M3GAN 2.0 Upgrades Humor Over Horror

The murderous doll is back in M3GAN 2.0, but this time, we’ve traded horror for comedy. 


M3gan, the killer doll, is back for M3GAN 2.0.
M3gan, the killer doll, is back for M3GAN 2.0 from Universal Pictures.

M3GAN 2.0 abandons any pretense of being a horror sequel and commits fully to being a straight-up comedy—a decision that works about half the time. When the film leans into its absurdist tendencies, channeling the self-aware cheekiness of classics like Naked Gun, Austin Powers, or Hot Shots, it genuinely shines. 

Two years after her violent rampage, M3gan returns to help take down Amelia (Ivanna Sakhno), a military bot built with the same tech. M3gan’s creator, Gemma (Allison Williams), has joined forces with Christian (Aristotle Athari), a former tech bro turned anti-AI crusader, to urge the world to curb their reliance on tech. Of course, her adopted daughter Cady (Violet McGraw, who returns as the tween version of the character) is still attached to M3gan and longs for the return of her robot friend.

Meanwhile, shady government agents (Timm Sharp) and other eccentric tech billionaires (Jemaine Clement) want to use this powerful technological tool for their own gains.

Clement brings the laughs in a small role, delivering a pitch-perfect performance embodying everything a certain CEO who shall not be named thinks he represents. His delivery and satirical bite shift the tone toward full comedy, something the movie frequently embraces.

Violet McGraw as Cady and Allison Williams as Gemma in M3GAN 2.0
Violet McGraw as Cady and Allison Williams as Gemma in M3GAN 2.0 from Universal Pictures.

Williams feels underutilized in a role that’s frustratingly bland and basic—something the actress gets saddled with far too often. Cady exists to spout generic cliche after generic cliche, which grows increasingly grating as the film progresses, especially when the movie had previously been more self-aware.

M3GAN 2.0 struggles to keep the jokes coming while still balancing the need to be a PG-13 action movie, but it’s not a complete misfire.

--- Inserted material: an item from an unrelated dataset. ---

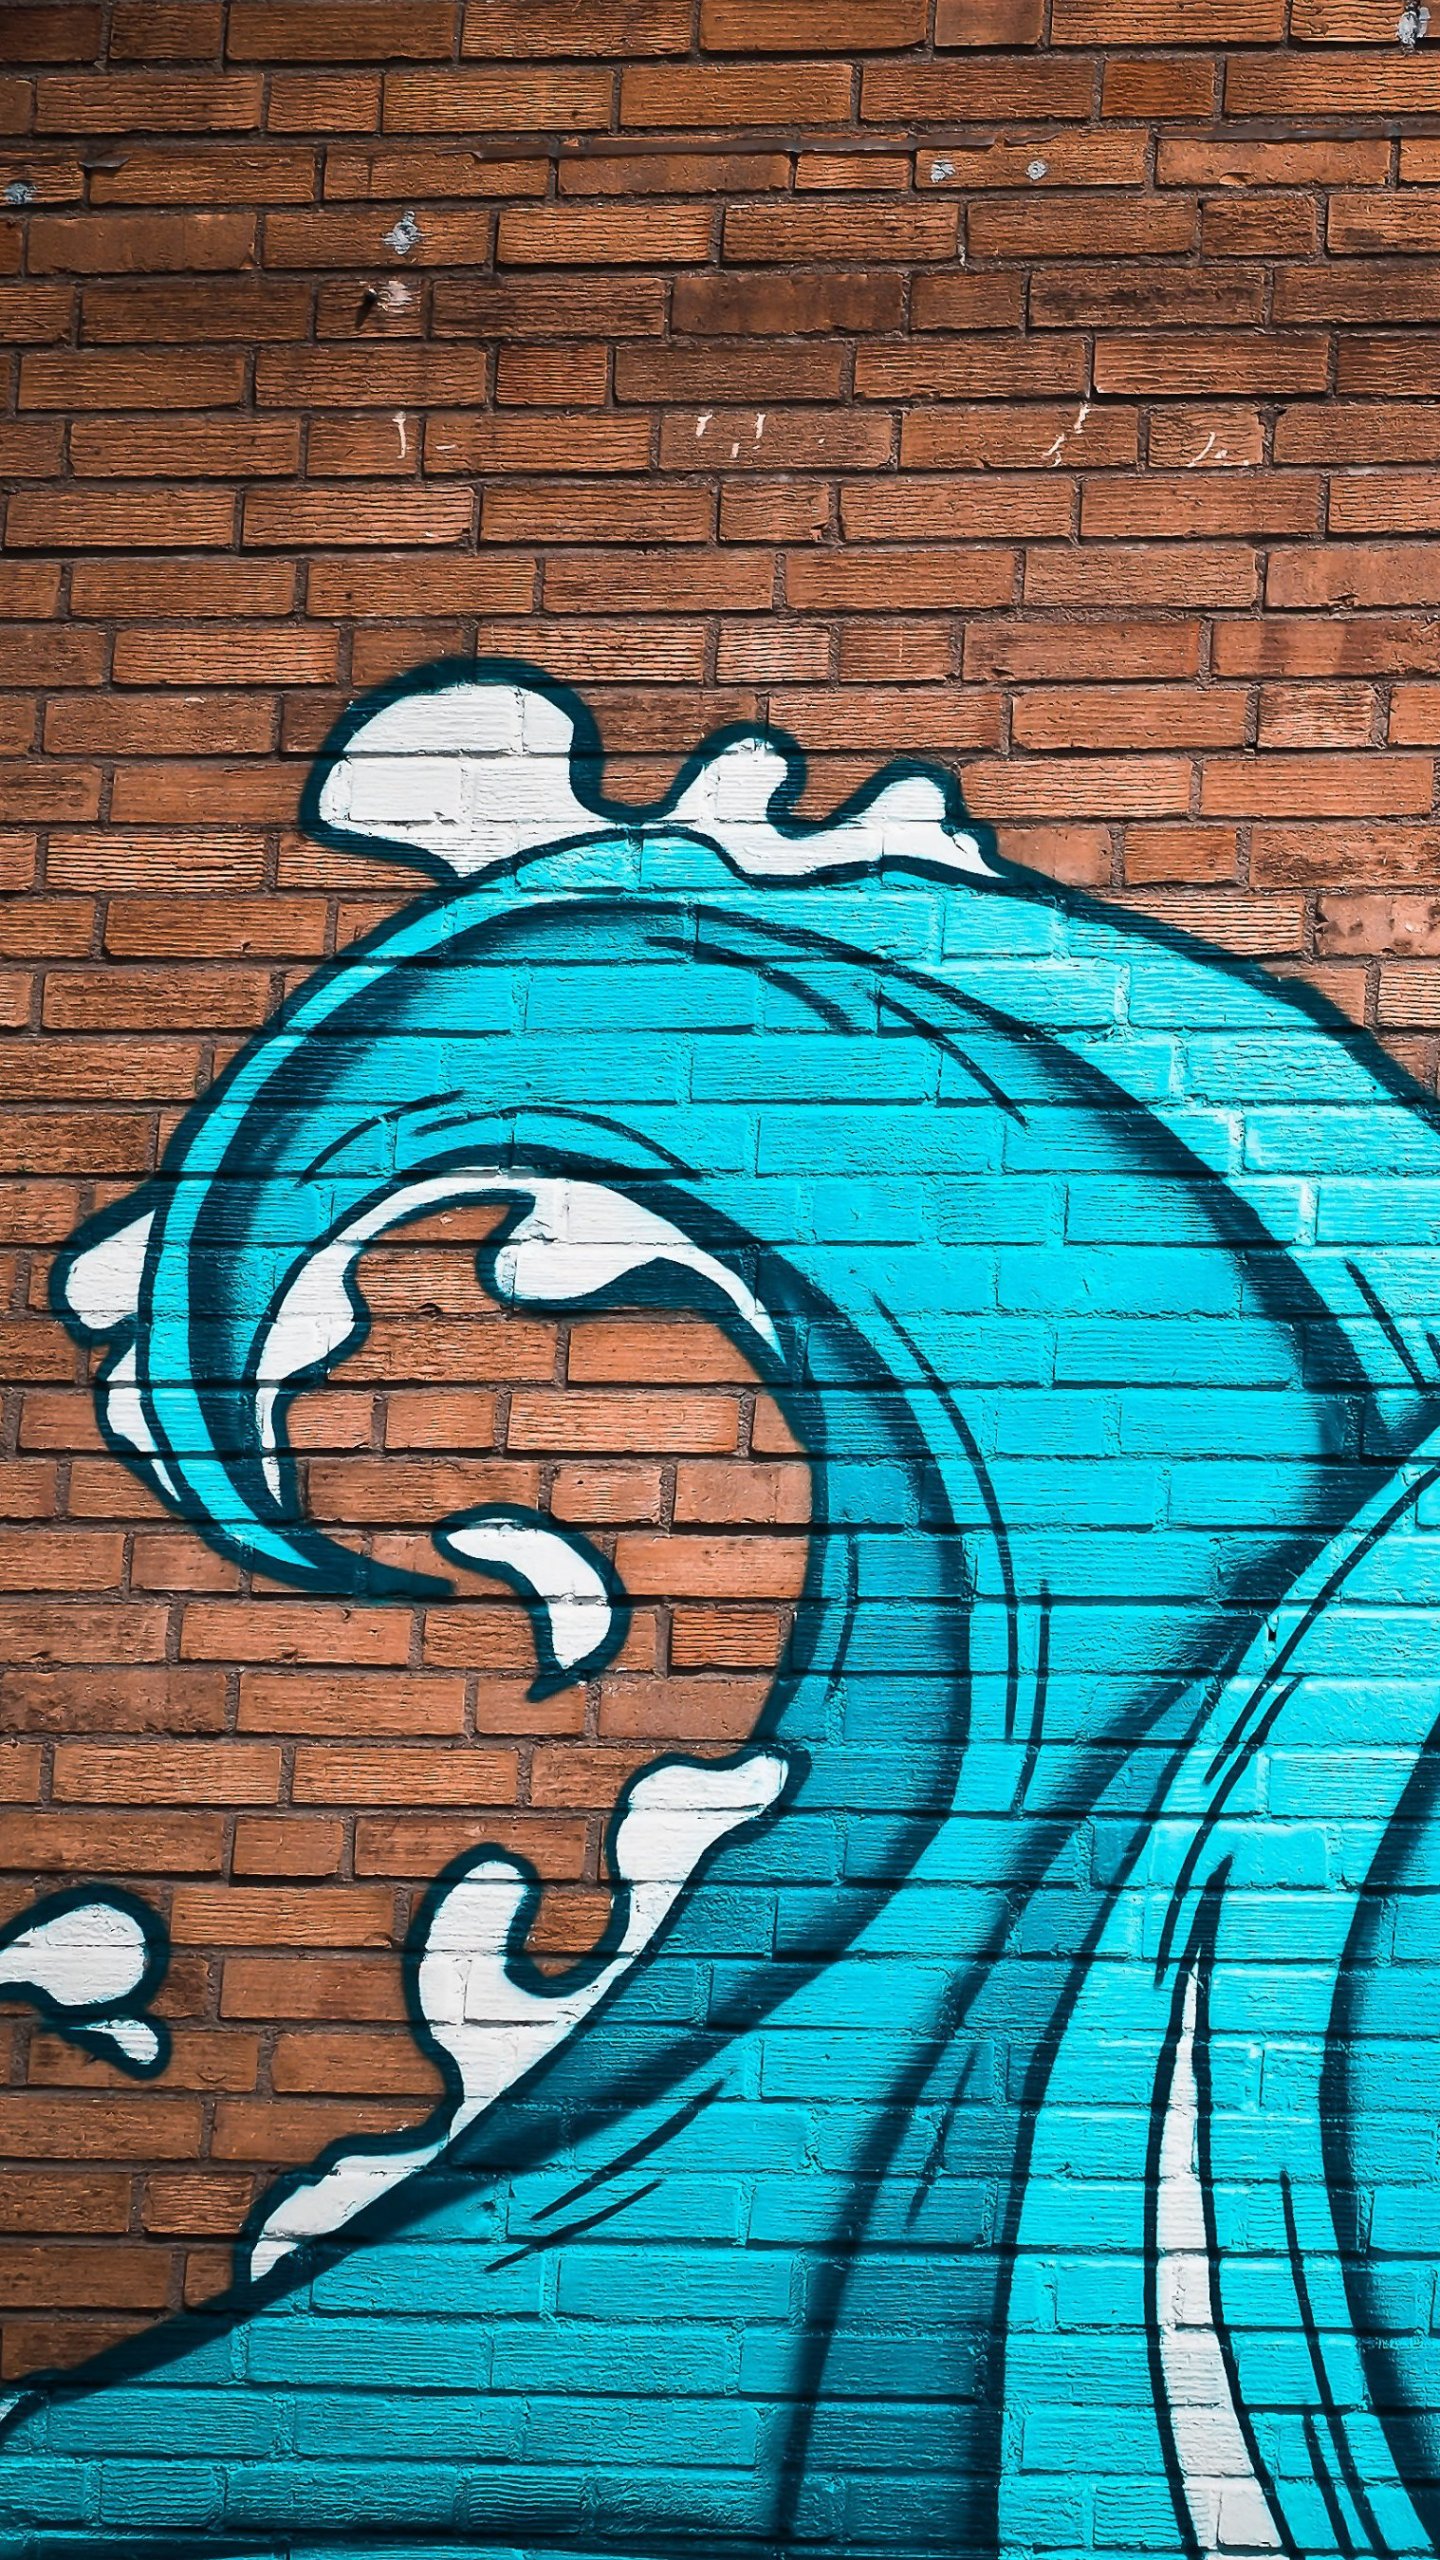 Ocean Waves Street Art Wallpaper - iPhone, Android & Desktop Backgrounds

There’s a straight-out-of-DOGE deadpan declaration, “I’m gonna kill them because, to be honest, I don’t really know what they do here,” that feels perfectly biting. Another joke rescues what could have been a very generic sentimental beat and shows the kind of subversive humor that suggests the movie knows what it could be at its best. It understands the camp and memes, and it thrives when it embraces those things.

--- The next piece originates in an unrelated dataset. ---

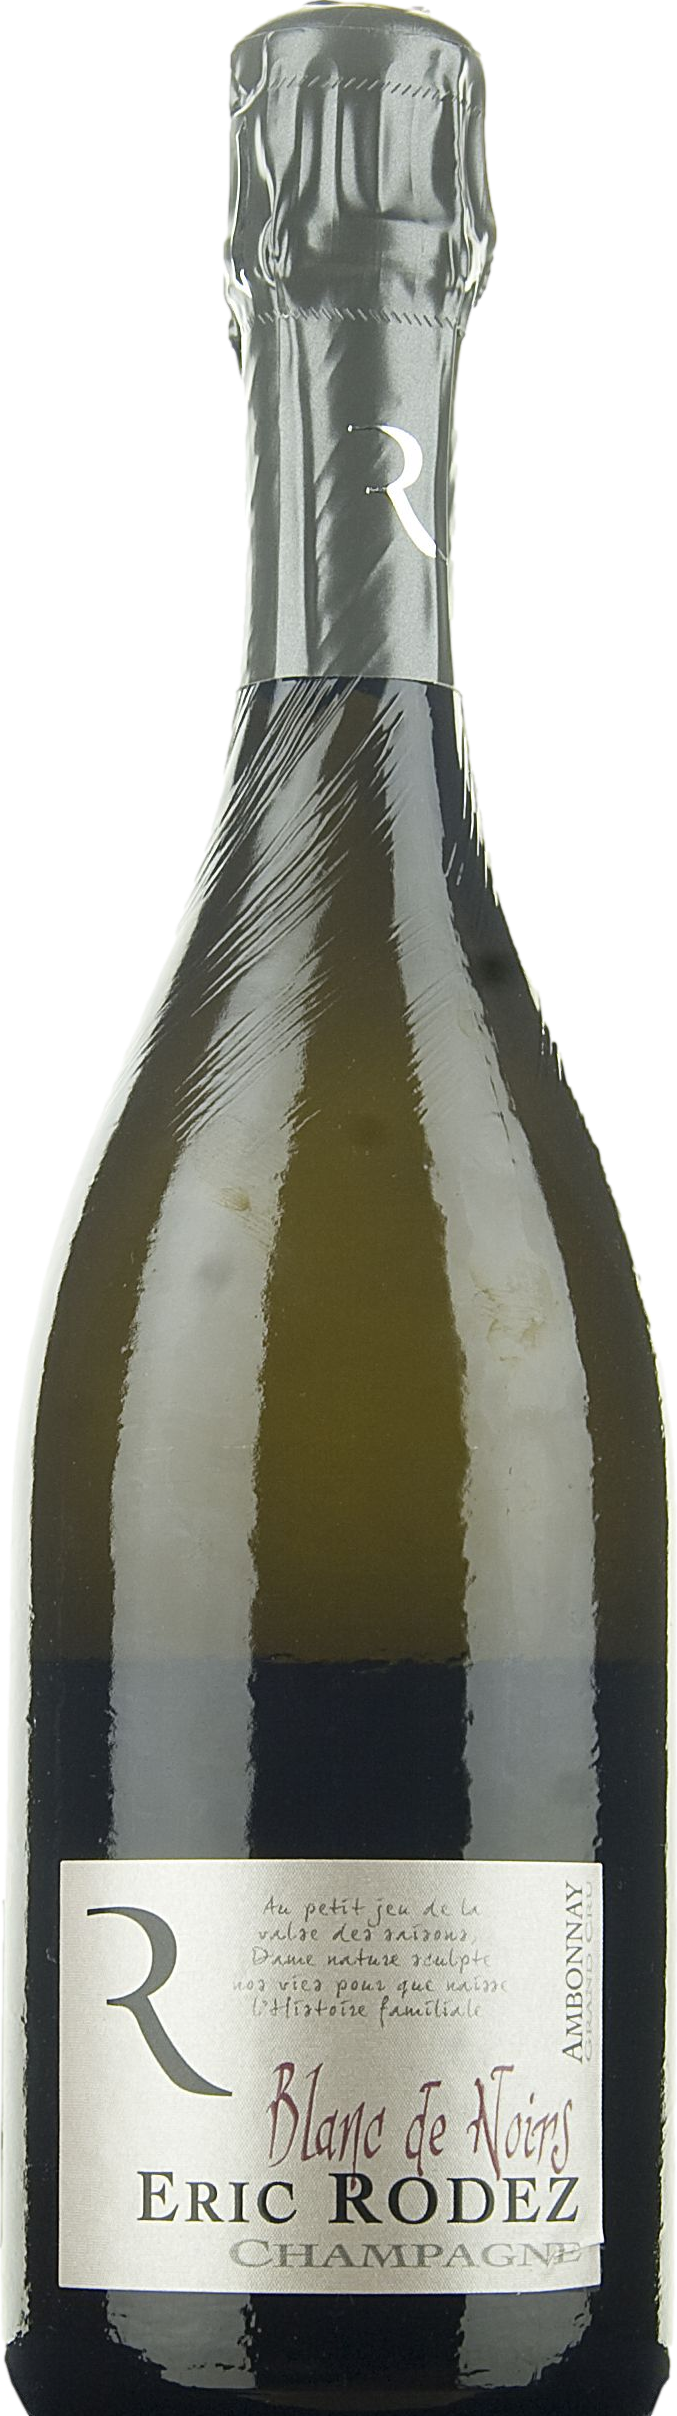 Champagne Eric Rodez Blanc de Noirs Grand Cru

The film also includes an AI-generated video joke, but in a rare instance of appropriateness, the artificial nature serves the story’s themes. It might be one of the few perfect uses of AI video in a major Hollywood production because it directly relates to the film’s central joke about artificial intelligence.

Ivanna Sakhno as Amelia in M3GAN 2.0.
Ivanna Sakhno as Amelia in M3GAN 2.0 from Universal Pictures.

The script does suffer from what feels like “second-screen syndrome”—the assumption that audiences will be half-watching while scrolling their phones. This leads to excessive exposition, repeated information, and dialogue that tells us what we’re already seeing. 

Pacing becomes an issue in the third act, where the film overstays its welcome by 20-30 minutes. I couldn’t help but think there was a tight, fun 80-90-minute PG-13 comedy somewhere in this 2-hour film.

M3gan sporting a new look in M3GAN 2.0
M3gan sporting a new look in M3GAN 2.0 from Universal Pictures.

Much like the first movie, the PG-13 rating is where the movie stumbles, and M3GAN 2.0 can be a bit confused about tone. Fans who embraced the first film as meme-worthy camp will likely find this sequel too safe and basic. Meanwhile, viewers who wanted the original to push horror boundaries beyond its family-friendly rating will be disappointed by this action-over-horror turn. 

The result feels like a movie designed for young teenagers during summer vacation—which, given its release timing, seems to be exactly the target audience.

M3GAN 2.0 works best when it stops trying to be anything other than a self-aware comedy about killer robots and tech industry satire. When it commits to this vision, it achieves genuine laughs and clever social commentary. Unfortunately, these moments seem to be scattered throughout a film that often falls back on generic plot points and a safer storyline.